Wednesday, March 30, 2011

Peanut Prices

Well the peanut market is certainly in flux at the moment based on a lot of things but there seems to be at least some imbalance to me when I look at the price being offered to farmers and the price being charged for seed. I put our staff to work and sought out information on peanut prices and medium runners are currently being traded around 80 cents and one report was as high as 83 cents. Well now if you look at tradition seed has typically been 10 cents over medium runner price but for the sake of discussion lets even say 12 cents is within normal. That would be reasonable justification for seed prices being 91 to 94 cents per pound. Well if that is the case then lets look at the other end of the spectrum and see what we find. 80 cent mediums should yield a farmers stock price with at the least an 8 as the first number. So then we took in to account that the 10 crop had some quality concerns so we did a few calculations.
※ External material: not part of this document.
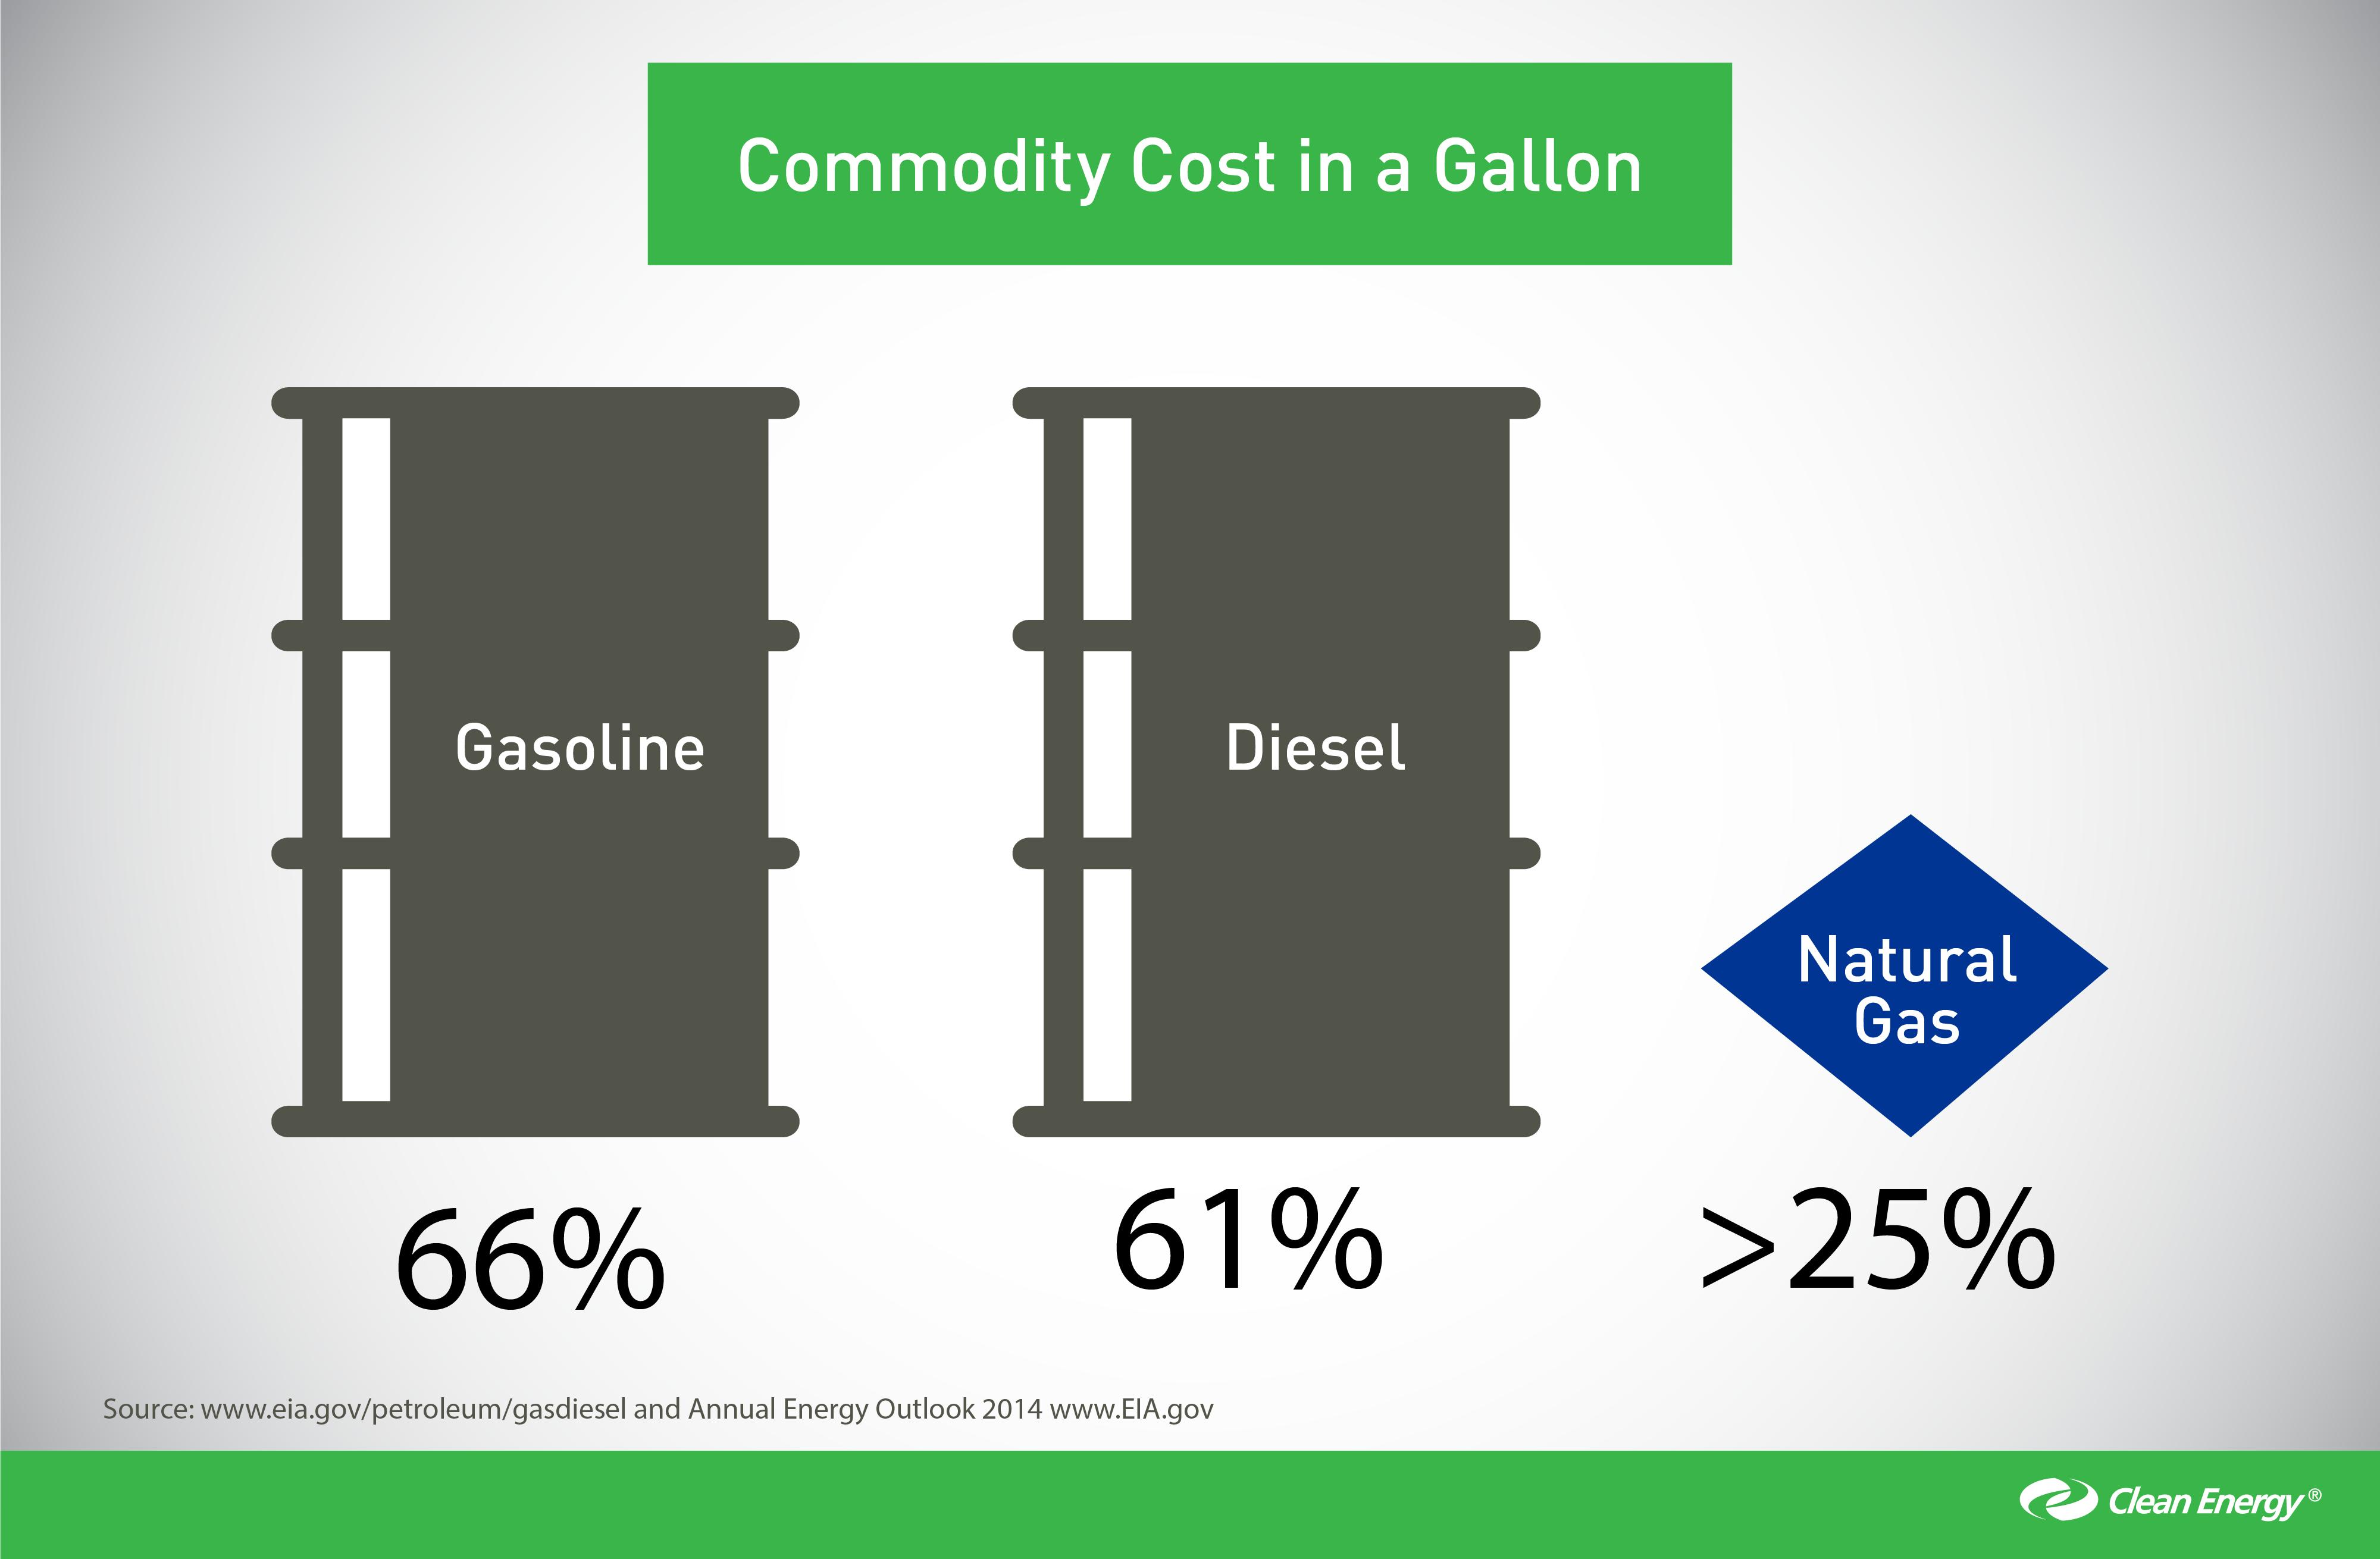 Natural Gas Commodity Gallon

Considering blanching cost of 5 to 6 cents and adding 10% more to our normal shrink considerations the price should still have a 7 in front for any uncommitted farmers stock from the 10 crop. I can understand how shelled good prices have escalated because of quality concerns and the concern we could see acres for 2011 in a very tight situation. What is not understandable is how it is farmers stock offerings for uncommitted 10 crop peanuts has held at $550 while the medium price has escalated. Farmers know this, too and in the meeting the other night in Coffee County GA I had a lot of farmers who are really mad at the shellers right now. I have heard the same across the state but it was very vocal in Coffee County. Be they the culprit or not shellers are not currently on the list for growers to send an Easter Basket. I know the best way to change farmer attitudes is with money. If that doesn't happen then I am pretty certain shellers may need to hire a good PR firm.

Friday, March 18, 2011

Shocking Revelation

At our board meeting this week the preliminary budget was set based on 450,000 acres for Georgia. This is the lowest acreage since 1980 and the rest of the country seems to be following this trend in cutting acres and planting other crops like cotton.

The board also agreed to a projected yield of 3150 which looked at the yield potential of the new varieties but also the belief that irrigated acres would be dedicated to cotton because cotton contracts have to be delivered with no accounting for any act of God.

If all this comes to pass and given the serious quality problems in the 2010 crop causing the crop to sustain heavy blanching loses to clean it up and this will be an interesting year in the peanut market.

I have always thought seriously that contracting some of your peanuts was a good idea but this year I wonder if that is true. I think the most recent contracts of $600 is really not even a floor given the market fundamentals.

I am pretty bearish on price for farmers who have uncontracted peanuts for the 11 crop and even the 10 crop may move up if a farmer has them in the loan and can wait until later in the year.

I think it is becoming a more safe bet that the 10 crop will all be needed to satisfy current demand given the significant kernel loss suffered in the blanching plants.

One early season concern is that many areas are dry and temperatures seem to be warming in a hurry. The current weather pattern is much similar to I believe the 2008 crop when it seemed that the rain angled in from the northwest and played out before it got to very much of the peanut belt.

One hope is that the ENSO currents will move to more neutral as the year progresses but as of yet no one has made that prediction.

Tuesday, March 1, 2011

Do You Hate Earmarks?

I am gravely concerned that there is a mood in America today that government is bad and we would do better with no government. There is a mood to cut to the bone in Washington in many areas. One of these areas is Agriculture.

There also seems to be a great deal of pride that they have killed earmarks in Washington. You know the bridge to nowhere was an earmark.

So then lets ask the question are all earmarks a bridge to nowhere?

I asked my Chairman today as we went up the Interstate toward Atlanta what we did without cell phones. We both conducted business as we went on our way. Sunday, week, our pastor emeritus gave the sermon and he talked about finding our way and told of his Garmin recalculating when faced with an errant turn. And on our TV there is discussion of the Da Vinci robotic surgeon. Where in the world did all this technology come from?

The better question is from where out of this world did all this come. Thanks to earmarks and the space program our lives are laced with technological advances which have added to the quality of our lives.

In Agriculture we find much the same story. Cuts were sustained in our Ag research over time and the only way to get critical research funded was to seek earmarks. Today fewer farmers than ever before feed America and the world for less than in our history even given current spikes in commodity markets.

Think about this, in 2040 we will need to feed almost twice the population of what we feed today. There is no more land and no more water, fertilizer, fuel, or any of the other inputs. So we will have to do more for less. It takes twelve years to bring a new peanut variety to commercial use. This mood to stick a long jagged dagger in the heart of Ag Research will at some point and it will be in our lifetimes come back to bite us. With a growing world population and a burgeoning middle class in China just imagine our children going without food because we cannot afford to pay what others can.

Just one last thought; I hope when we dismantle government my share of the infrastructure can be on I-75 where I can put up a toll booth.